Vieira muda o foco da crise de comunicação no Benfica
O regresso do antigo presidente à discussão pública desviou as atenções da eliminatória europeia para a liderança do clube, analisa o consultor Ricardo Lemos

A derrota do Benfica na Suíça, na Liga Europa, não afetou apenas o percurso da equipa na prova. Também expôs fragilidades na estratégia de comunicação seguida pelo clube ao longo da pré-temporada, segundo a análise do consultor de comunicação Ricardo Lemos, no espaço de opinião “O Lado Direito do Mister”, publicado pela A BOLA.
No arranque da pré-temporada, o Benfica optou por uma postura de contenção, reduzindo a exposição pública e concentrando a mensagem mais relevante no que acontecesse dentro de campo. A ideia, segundo Lemos, assentava numa lógica simples: enquanto os resultados sustentassem o discurso, a liderança manter-se-ia protegida e o novo ciclo ganharia estabilidade.
Esse equilíbrio foi, no entanto, posto em causa com o desaire europeu. Nestes cenários, explica o consultor, a pressão nunca permanece apenas no relvado — sobe em cadeia, dos jogadores para o treinador, até chegar à estrutura liderada por Rui Costa.
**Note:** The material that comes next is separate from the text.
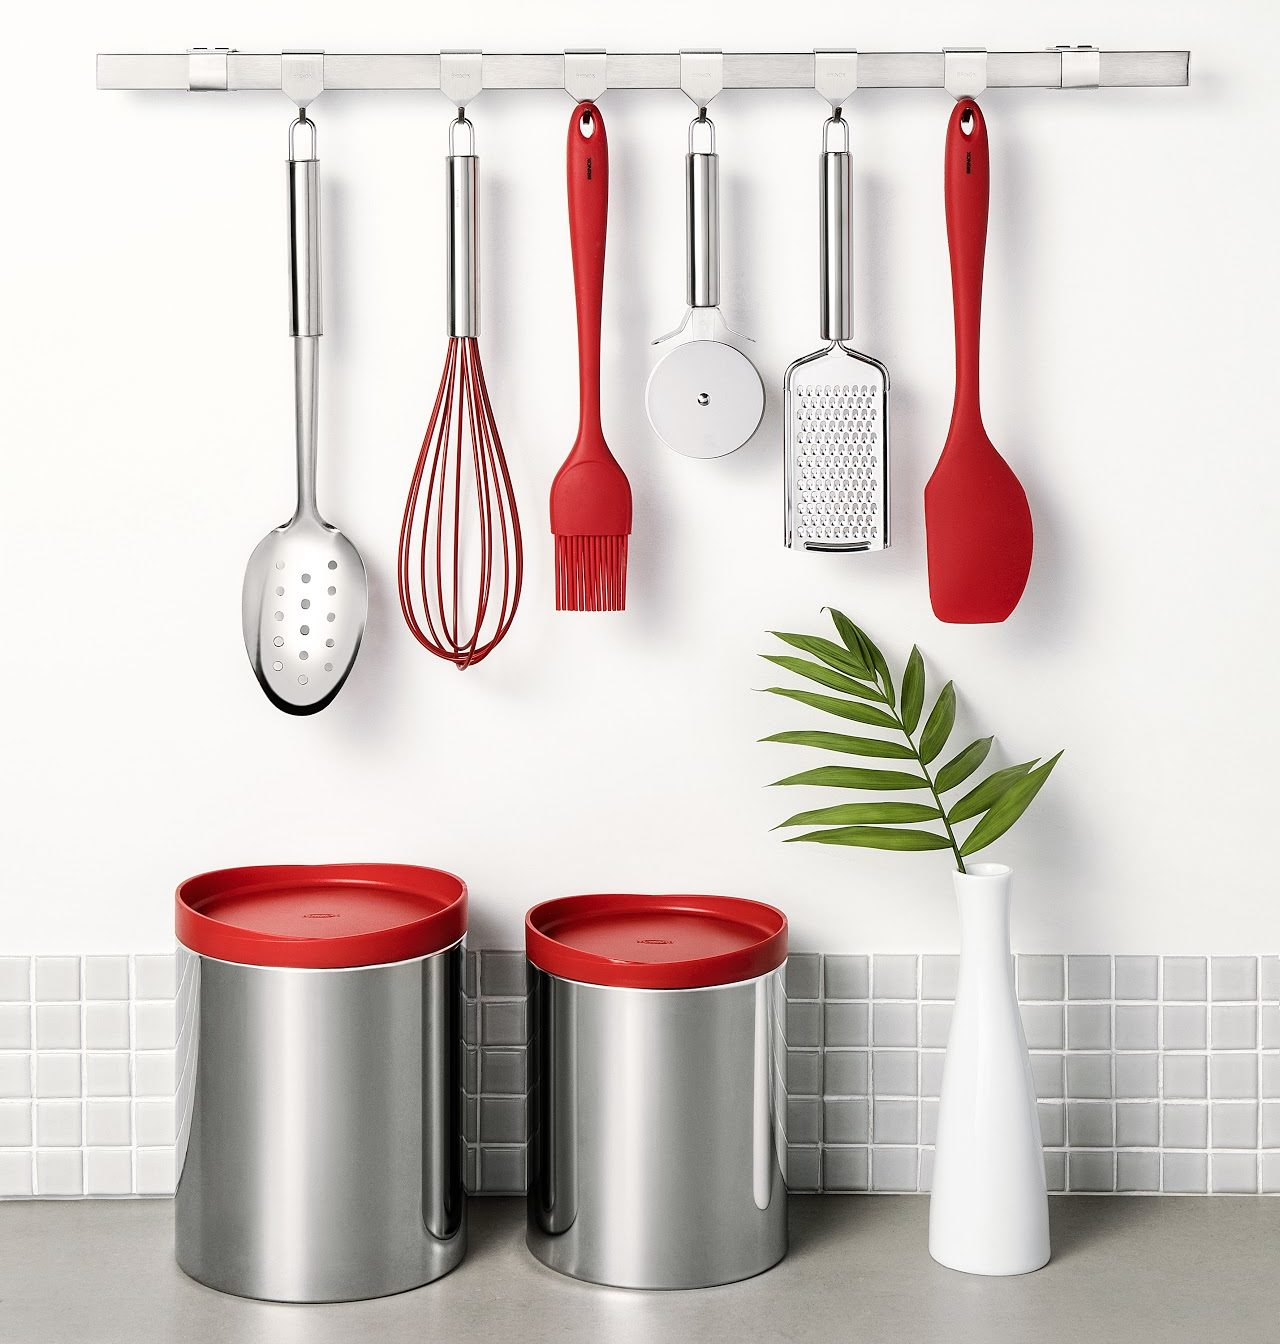 Feng Shui na cozinha: acessórios, como potes e utensílios, precisam ficar organizados.

Foi precisamente nesse contexto de fragilidade que Luís Filipe Vieira decidiu voltar à discussão pública sobre o Benfica.
A jogada de comunicação de Vieira
Independentemente das motivações do antigo presidente, o efeito imediato foi conseguir aquilo que qualquer comunicador procura: alterar o centro da conversa. O tema deixou de se limitar à derrota europeia e passou a incluir questões de liderança, competência e capacidade da atual direção para preparar um novo ciclo no clube.
Para Ricardo Lemos, essa é a verdadeira dimensão das declarações de Vieira — mais do que uma simples reação ao resultado, representam uma disputa pelo controlo da narrativa em torno do Benfica, num momento em que a estrutura liderada por Rui Costa procurava evitar precisamente esse tipo de exposição.
Com este cenário instalado, a segunda mão da eliminatória europeia deixa de representar apenas uma oportunidade de qualificação. Passa também a funcionar como um teste à estratégia de comunicação do Benfica, numa altura em que o discurso interno já não é o único a moldar a perceção pública do clube.